EXERCISE: Your answer must be the lines from the one holding "Diesel Kids' Cotton Logo T-shirt In Red" through the final line of the entries below, copied exactly, with no pictures.

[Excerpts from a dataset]
--- START ---

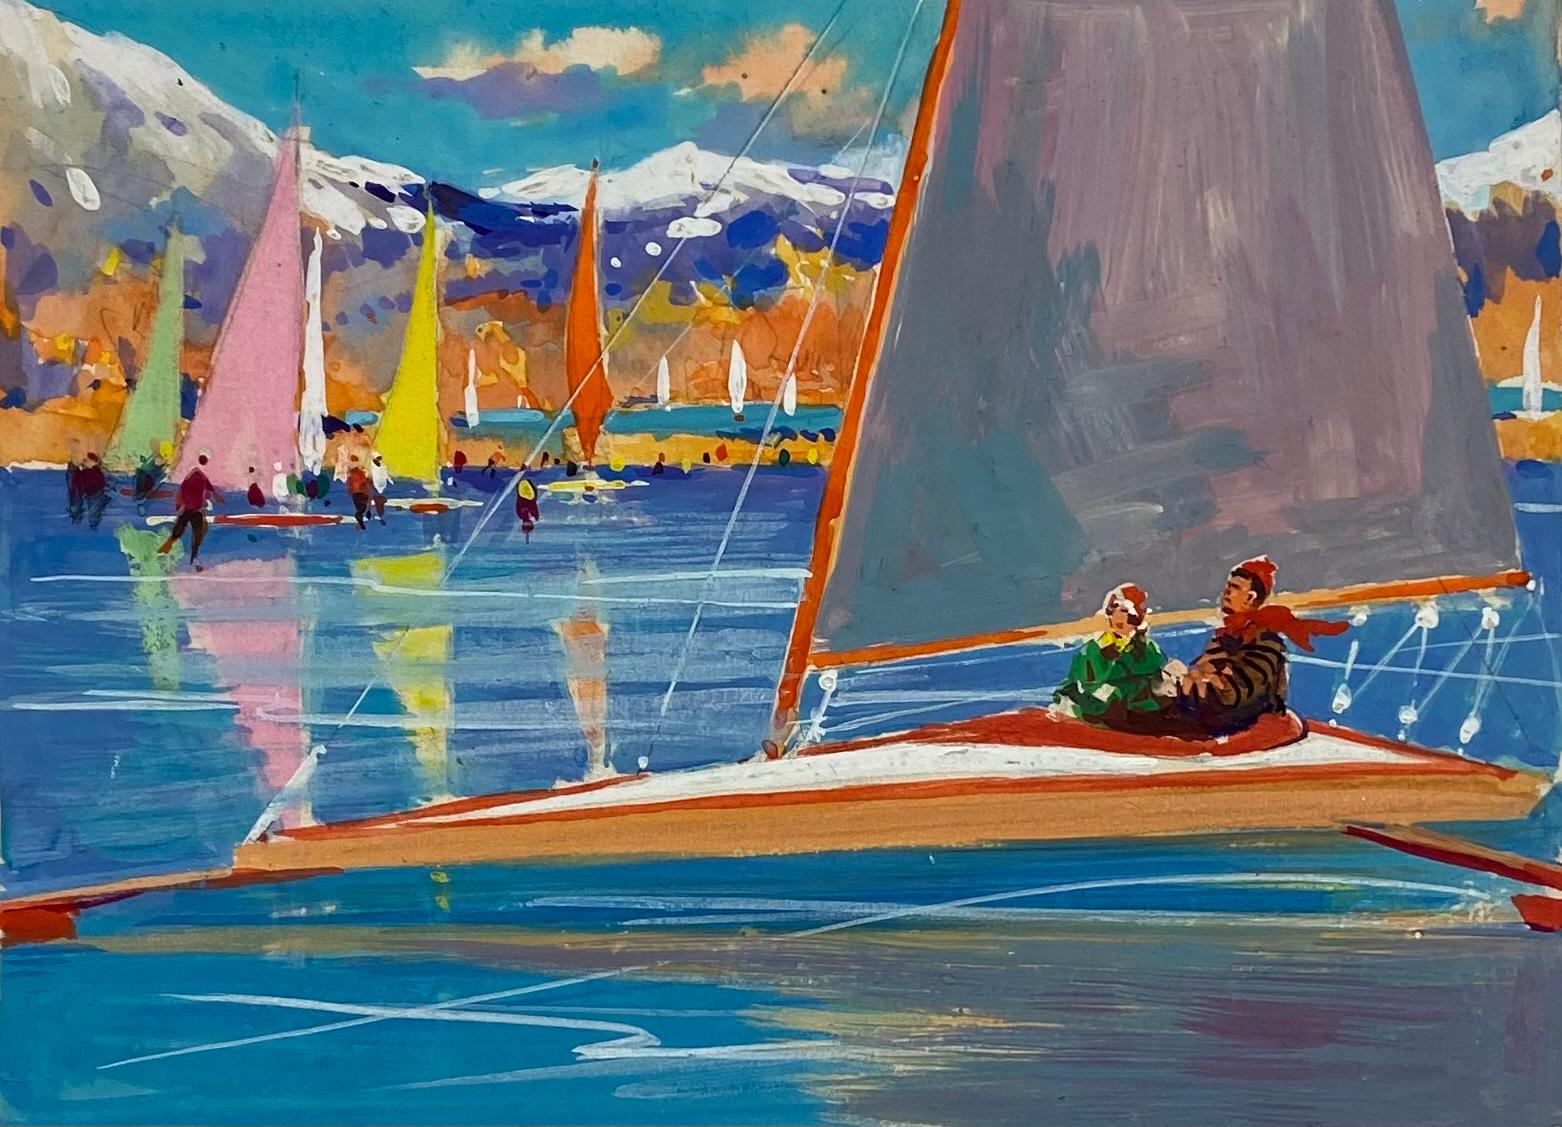 Frank Duffield Abstract Drawing – Britisches impressionistisches Gemälde des mittleren 20. Jahrhunderts, mehrfarbiges Sommerbootrennen 
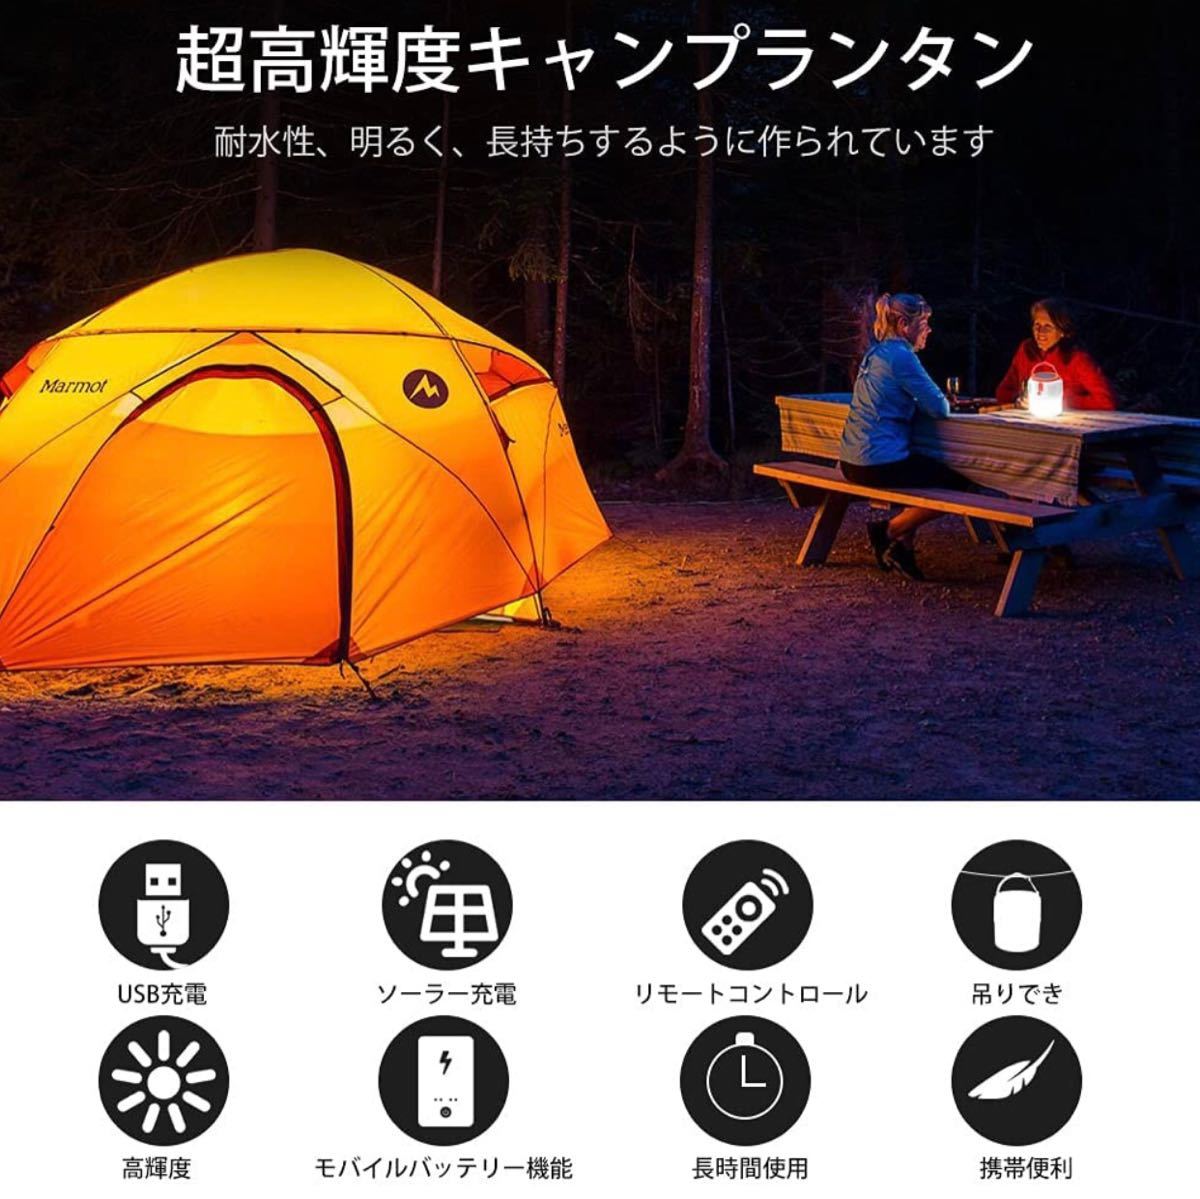 キャンプランタン LEDランタン テントライト 高輝度 USB充電式 携帯型 5つ点灯モード キャンプライト 2 In 1充電式 
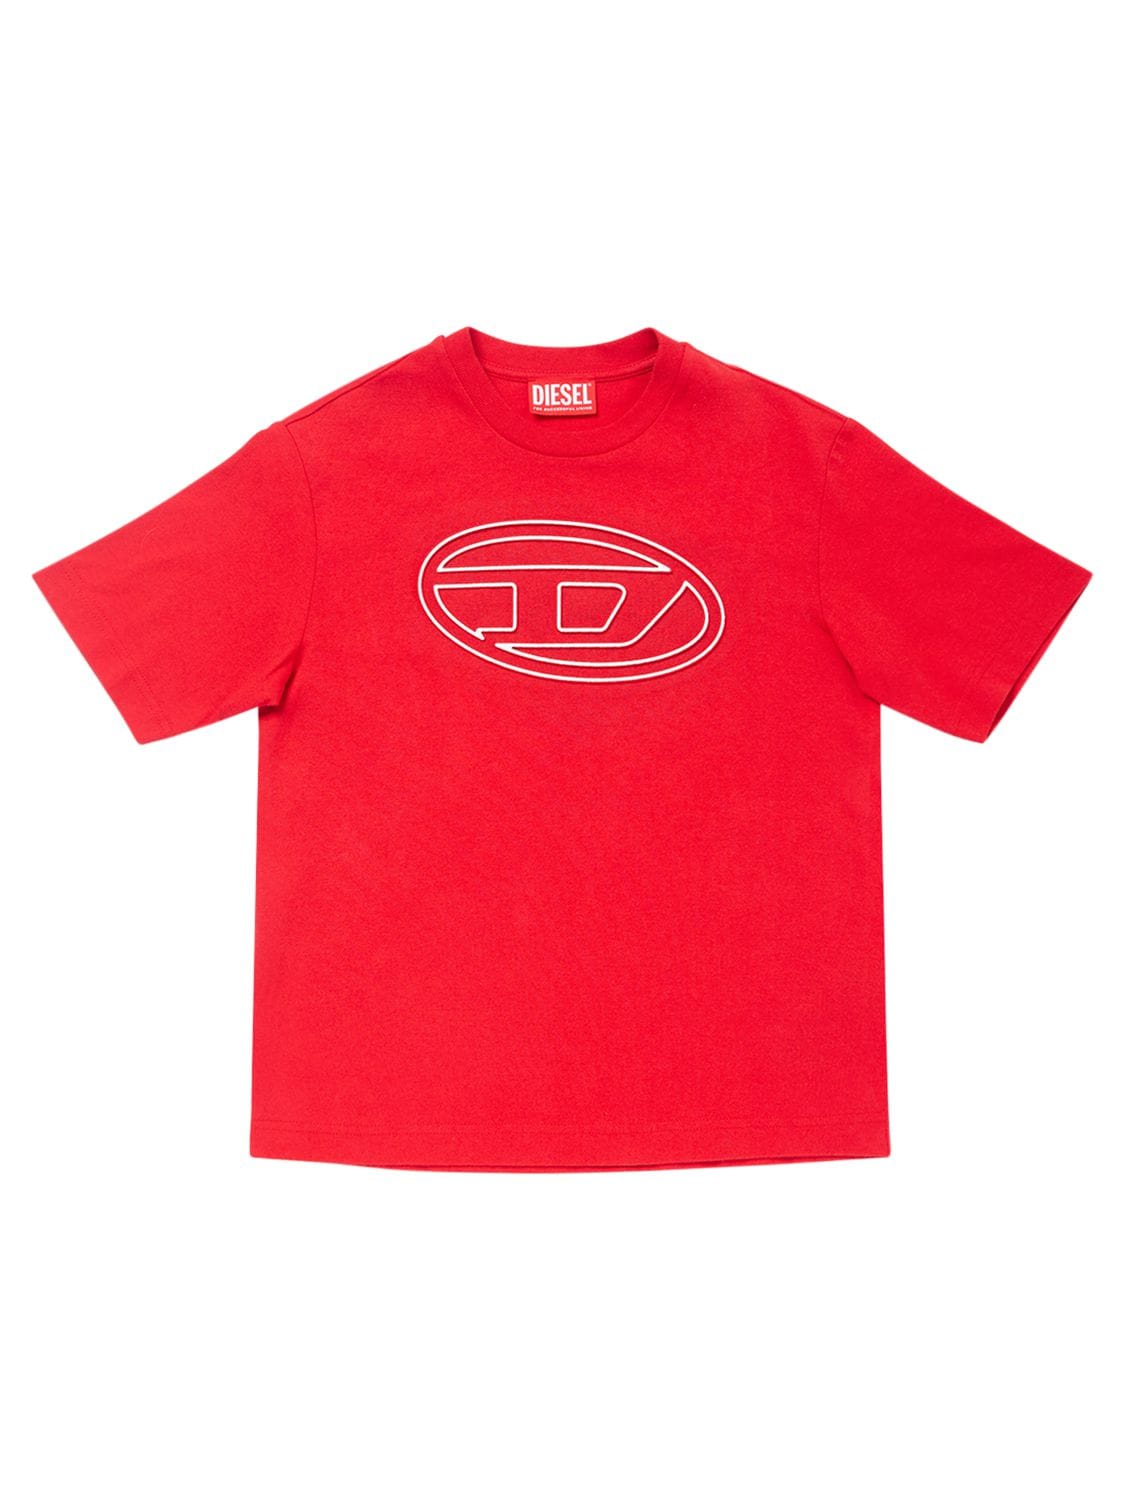 Diesel Kids' Cotton Logo T-shirt In Red
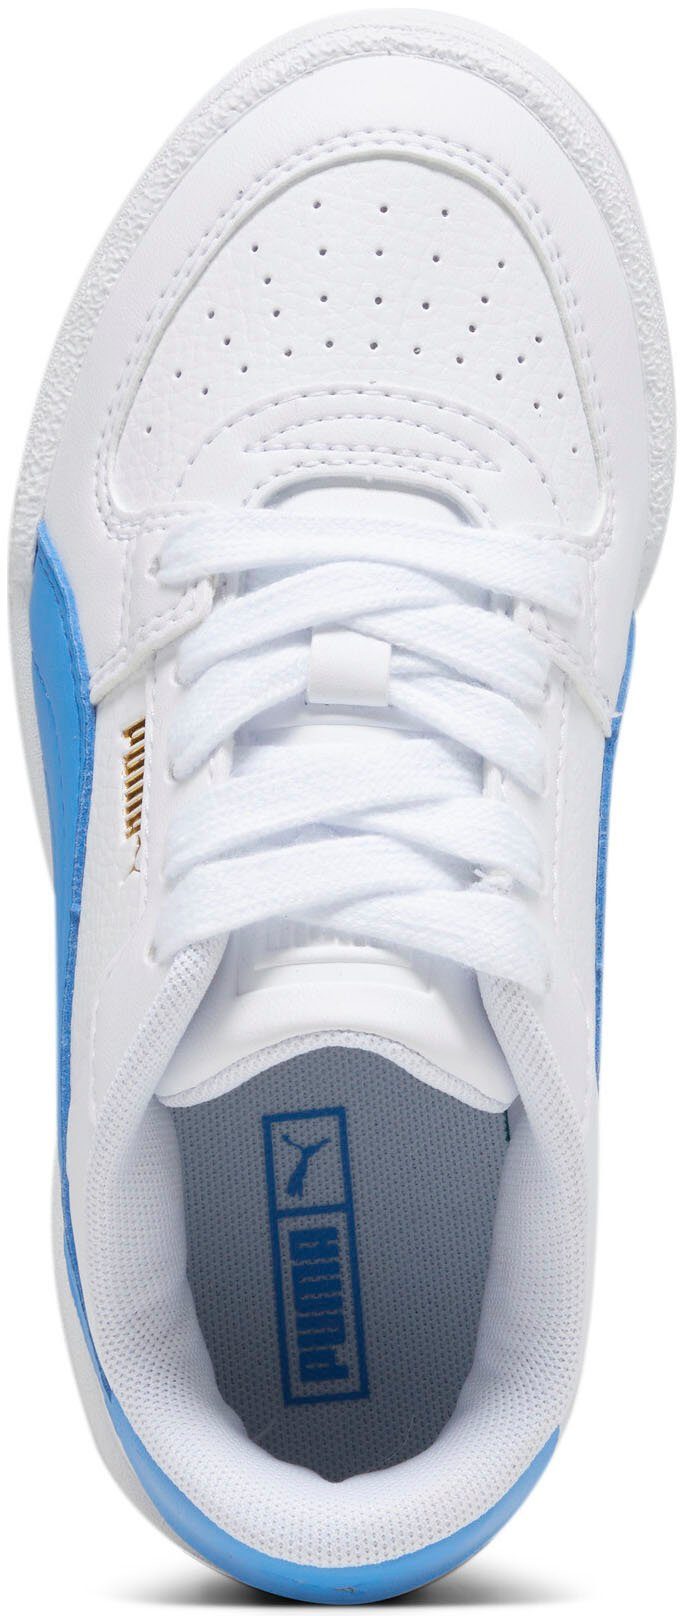 PUMA CA PRO CLASSIC PS Blue Sneaker PUMA White-Regal
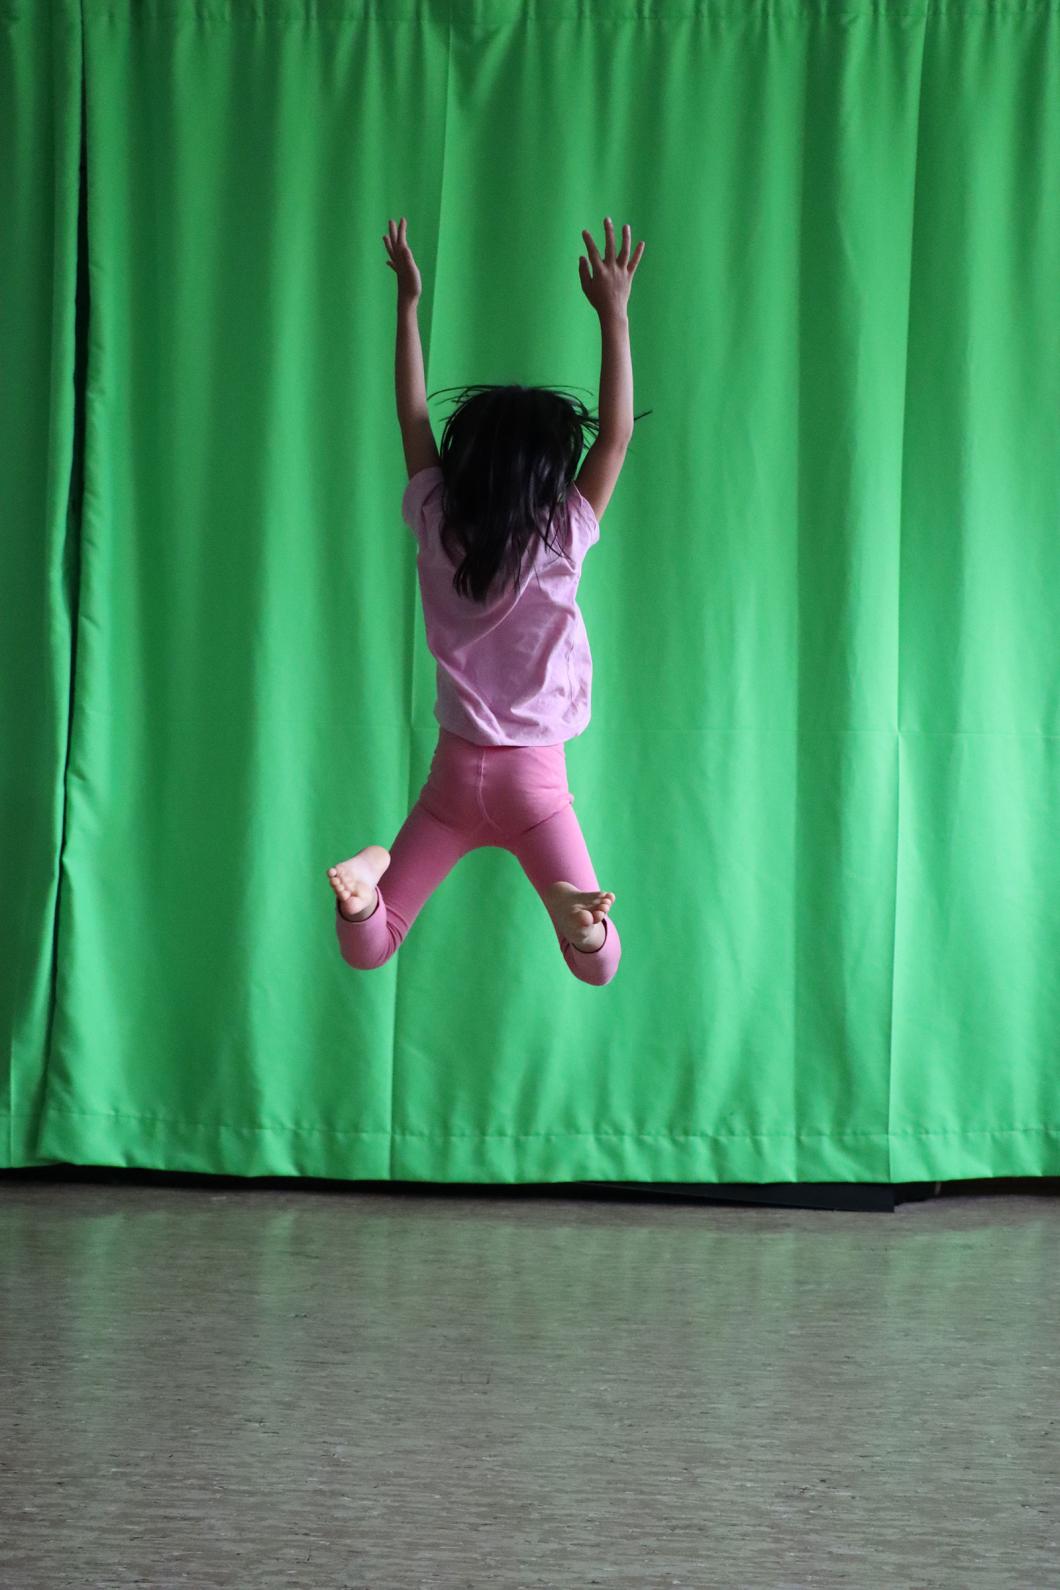 Ein Kind macht einen Luftsprung vor einem grünen Vorhang
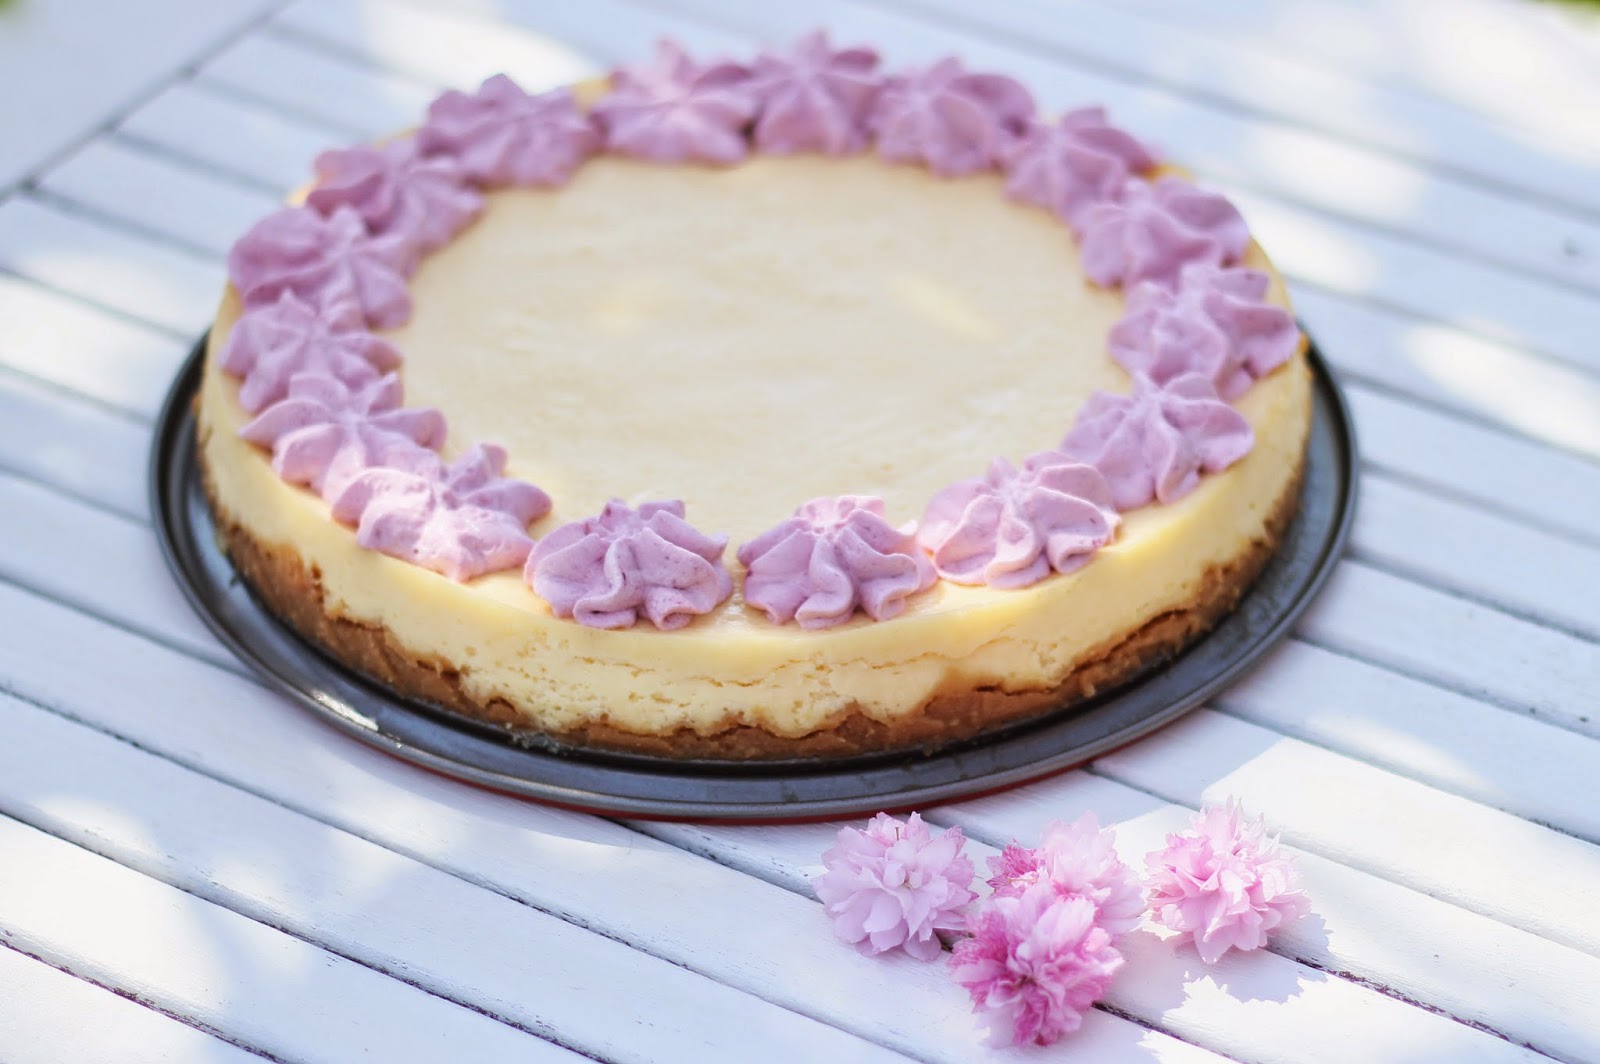 Recette de cheesecake au citron et sa chantilly aux fruits des bois. De quoi apporter l'été dans nos assiettes !

--- END ---

RESULT FOR THIS EXERCISE:
 Diesel Kids' Cotton Logo T-shirt In Red
 PUMA CA PRO CLASSIC PS Blue Sneaker PUMA White-Regal
 Ein Kind macht einen Luftsprung vor einem grünen Vorhang
 Recette de cheesecake au citron et sa chantilly aux fruits des bois. De quoi apporter l'été dans nos assiettes !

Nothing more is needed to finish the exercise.